Ontem já havia sido aprovado o texto base, em que foi barrado o ’distritão’ e recuperada a possibilidade de coligações. A votação dos destaques hoje, retirou do texto o modelo de voto preferencial, que acabaria com a possibilidade de segundo turno.

quinta-feira 12 de agosto | Edição do dia

A Câmara concluiu por vota das 12h30 desta quinta-feira, 12, a votação em primeiro turno da proposta de emenda à Constituição (PEC) da reforma eleitoral com três alterações ao texto-base, fruto de um acordo fechado na noite de quarta-feira, dia 11. Ainda ontem foram aprovadas alterações para barrar a adoção do modelo chamado de "distritão" para a eleição de vereadores e deputados; na quarta também foi mantido no texto o retorno das coligações.

Na sessão desta quinta-feira, deputados decidiram retirar do texto o modelo do voto preferencial para presidentes, governadores e prefeitos, onde o eleitor faz uma lista de cinco candidatos por ordem de preferência e, com isso, elimina a possibilidade de segundo turno.

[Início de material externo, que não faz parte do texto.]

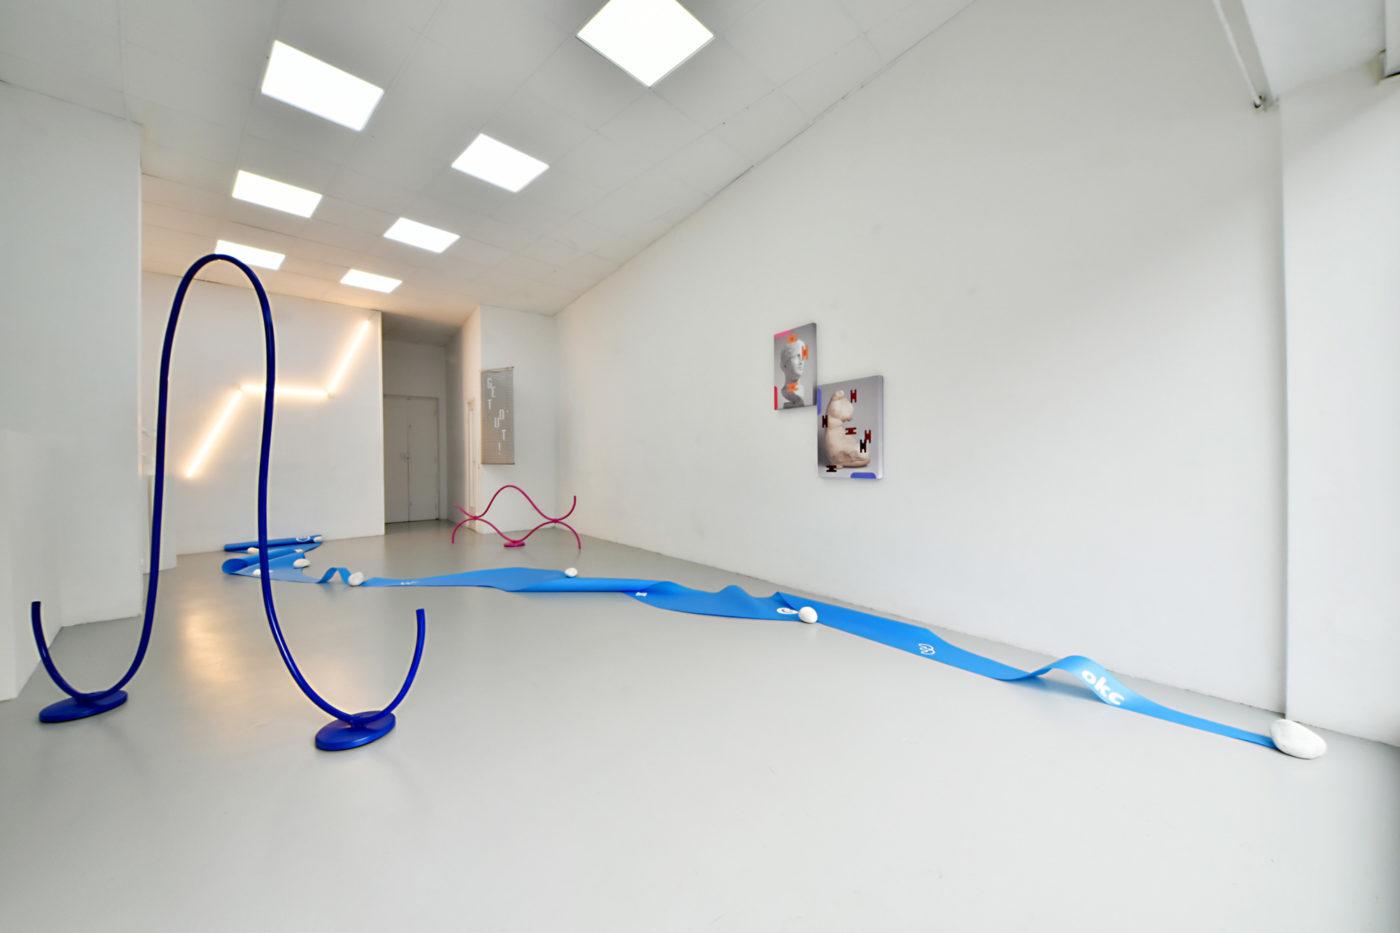 Nicola Gobbetto - Filler, Dimora Artica, Milano

A Câmara aprovou a volta das coligações para beneficiar os partidos de aluguel, muitos deles do chamado Centrão. O retorno contou com apoio de partidos da base do governo e da oposição que justificou a decisão como ’mal menor" em relação a possibilidade de aprovação do ’distritão’.

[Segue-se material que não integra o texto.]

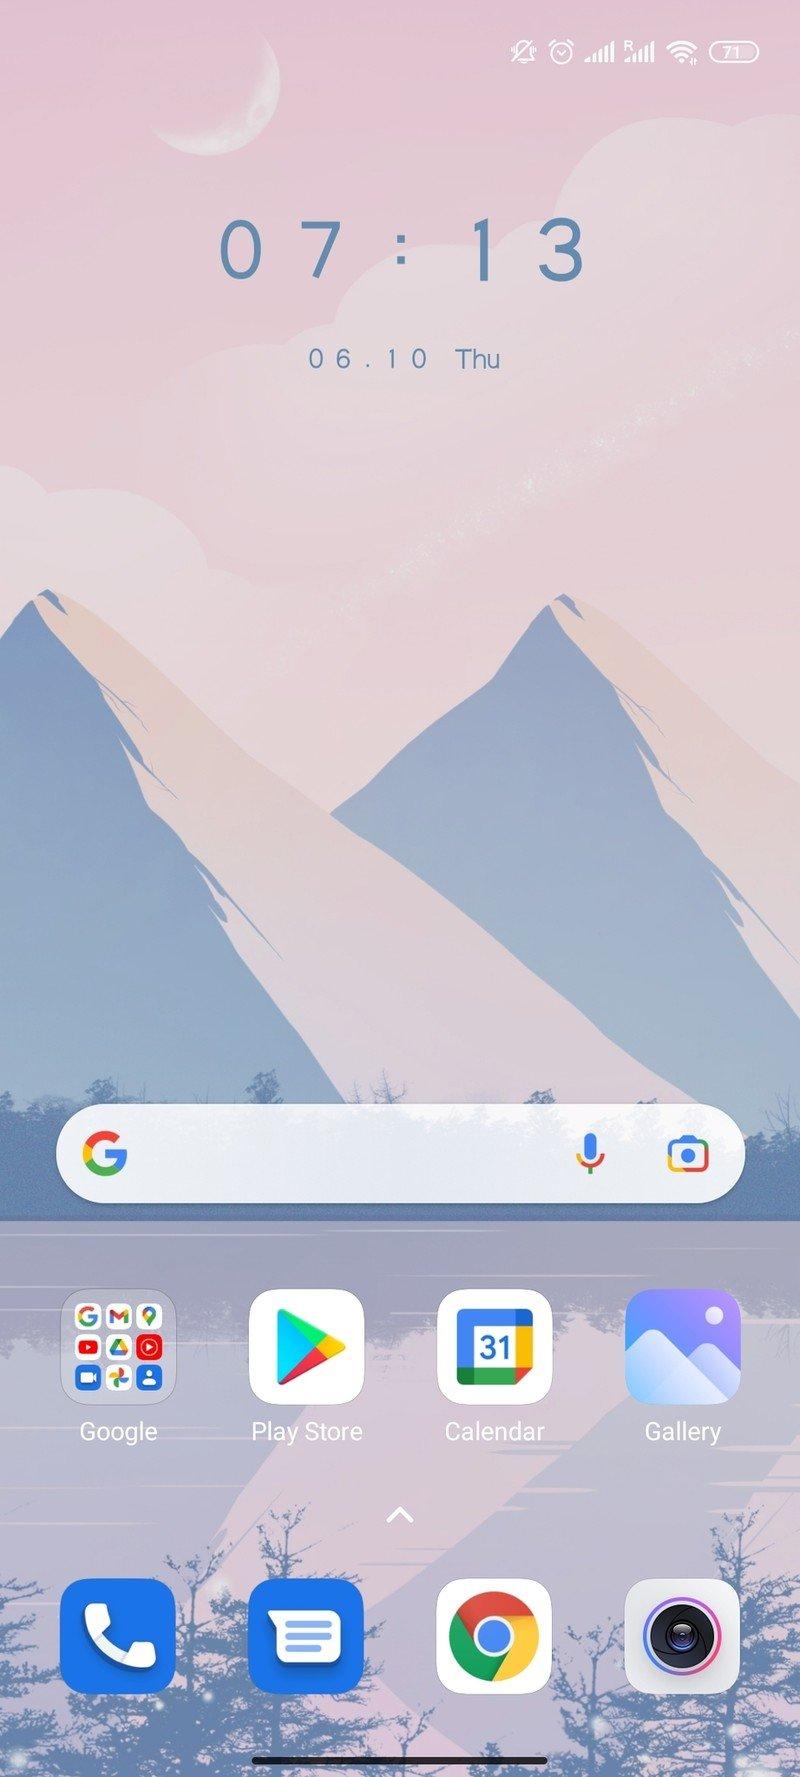 android-11-home-screenshot-1.jpg

Com a conclusão do primeiro turno, o presidente da Câmara, Arthur Lira (PP-AL), retomou a votação dos destaques da medida provisória 1.045, sobre programa emergencial de manutenção de emprego. Ele quer pautar, na sequência, a reforma do imposto de renda. O segundo turno da reforma eleitoral ficará para depois de concluída a reforma do IR.